Exelixis has submitted a supplemental New Drug Application to the FDA for the multikinase inhibitor cabozantinib as treatment for previously untreated patients with advanced renal cell carcinoma.
Michael M. Morrissey, PhD
Michael M. Morrissey, PhD
Exelixis has submitted a supplemental New Drug Application (sNDA) to the FDA for the multikinase inhibitor cabozantinib (Cabometyx) as treatment for previously untreated patients with advanced renal cell carcinoma (RCC).
The sNDA is based on the phase II CABOSUN trial, in which cabozantinib reduced the risk of progression or death by 34% versus sunitinib as a first-line treatment for patients with metastatic RCC. The median PFS was 2.6 months longer with cabozantinib versus sunitinib, at 8.2 versus 5.6 months (HR, 0.66; 95% CI, 0.46-0.95;P= .012).
“All of us at Exelixis are focused on improving care and outcomes for patients with cancer. Having successfully launched Cabometyx for patients with previously treated advanced RCC, the submission of this sNDA for Cabometyx as a treatment in the first-line RCC setting represents an important milestone for us,” Michael M. Morrissey, PhD, Exelixis president and CEO, said in a statement.
“If approved, Cabometyx will offer an important new alternative for the treatment of patients with previously untreated advanced RCC, having demonstrated a clinically meaningful and statistically significant progression-free survival benefit over sunitinib, a current standard of care. We would like to sincerely thank the study patients and clinicians who participated in the CABOSUN trial, the Alliance and NCI-CTEP, as well as our dedicated clinical, medical and regulatory teams for bringing us one step closer to our goal of expanding the population of patients who may benefit from Cabometyx.”
From July 2013 and April 2015, researchers randomly assigned patients to 60 mg daily of cabozantinib (n = 79) or 50 mg daily of sunitinib (n = 78) for 4 weeks on followed by 2 weeks off. Eligible patients were required to have locally advanced or metastatic clear-cell RCC, ECOG performance status 0 to 2, and had to be intermediate or poor risk per the IMDC criteria. Prior systemic treatment for RCC was not permitted.
Median age across the entire patient population was 63 years (range, 31-87), 78% of patients were male, and 92% were white. Thirty-six percent of patients had bone metastases and 75% of patients had prior nephrectomy. Patients had an ECOG performance status of 0 (45.9%), 1 (41.4%), or 2 (12.7%).

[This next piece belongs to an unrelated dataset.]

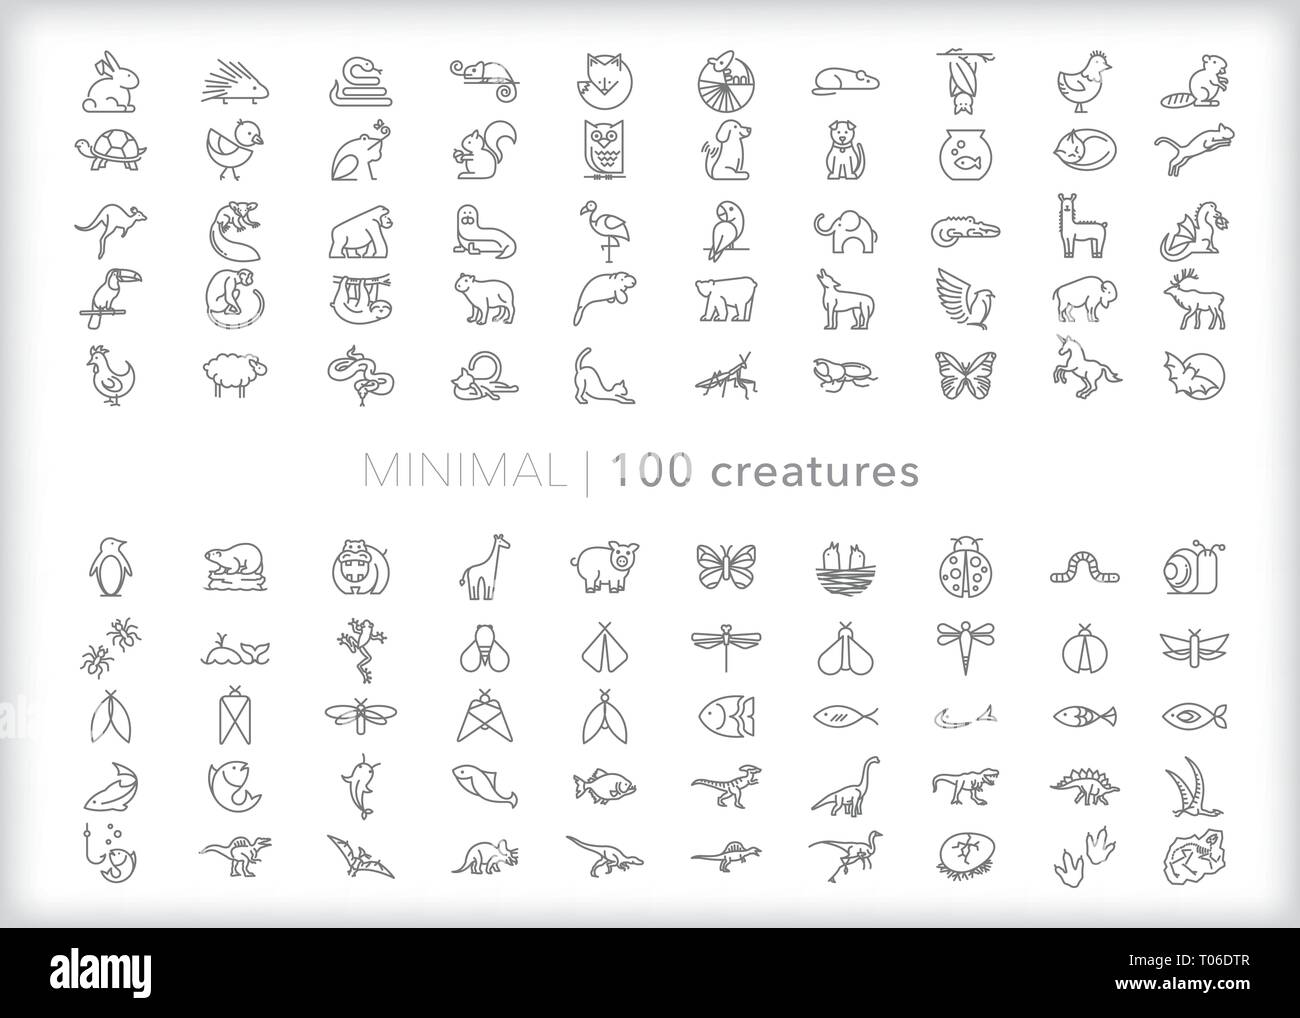 Satz von 100 Tier Zeile für Symbole der Haustiere, Zoo, Tiere, Nutztiere, Safari Tiere, Fische, Reptilien, Säugetiere, Dinosaurier, Insekten, Käfer und Critters Stock Vektor

Median overall survival was 30.3 months in the cabozantinib arm versus 21.8 months in the sunitinib arm (HR, 0.80; 95% CI, 0.50-1.26). Cabozantinib was also superior for overall response rate, at 46% versus 18%.
In 87% of the cabozantinib arm, there was some reduction in target lesions, compared with 44% of the sunitinib cohort. The stable and progressive disease rates were 33% versus 36% and 18% versus 26%, respectively.
Adverse events (AEs) of any grade occurred in approximately 99% of each arm. The most common all-grade AEs with cabozantinib versus sunitinib included fatigue (85.9% vs 81.9%), hypertension (80.8% vs 68.1%), diarrhea (71.8% vs 52.8%), increased AST (61.5% vs 31.9%), and increased ALT (55.1% vs 27.8%).
Grade ≥3 AEs occurred in 66.7% of the cabozantinib arm versus 68.1% of the sunitinib arm. Common grade ≥3 AEs included diarrhea (10.3% with cabozantinib vs 11.1% with sunitinib), fatigue (6% vs 15%), hypertension (28.2% vs 22.2%), palmar-plantar erythrodysesthesia (7.7% vs 4.2%), and fatigue (6.4% vs 15.3%).
Patients in the cabozantinib arm were more likely to require dose reductions, 58% versus 49%. There were 16 AE-related discontinuations in each arm.
Cabozantinib is approved by the FDA as a treatment for patients with advanced RCC who have received prior antiangiogenic therapy.
Reference:
Choueiri TK, Halabi S, Sanford BL, et al. Cabozantinib versus sunitinib as initial targeted therapy for patients with metastatic renal cell carcinoma of poor or intermediate risk: the alliance A031203 CABOSUN trial.J Clin Oncol.2017;35(6):591-597. doi:10.1200/JCO.2016.70.7398.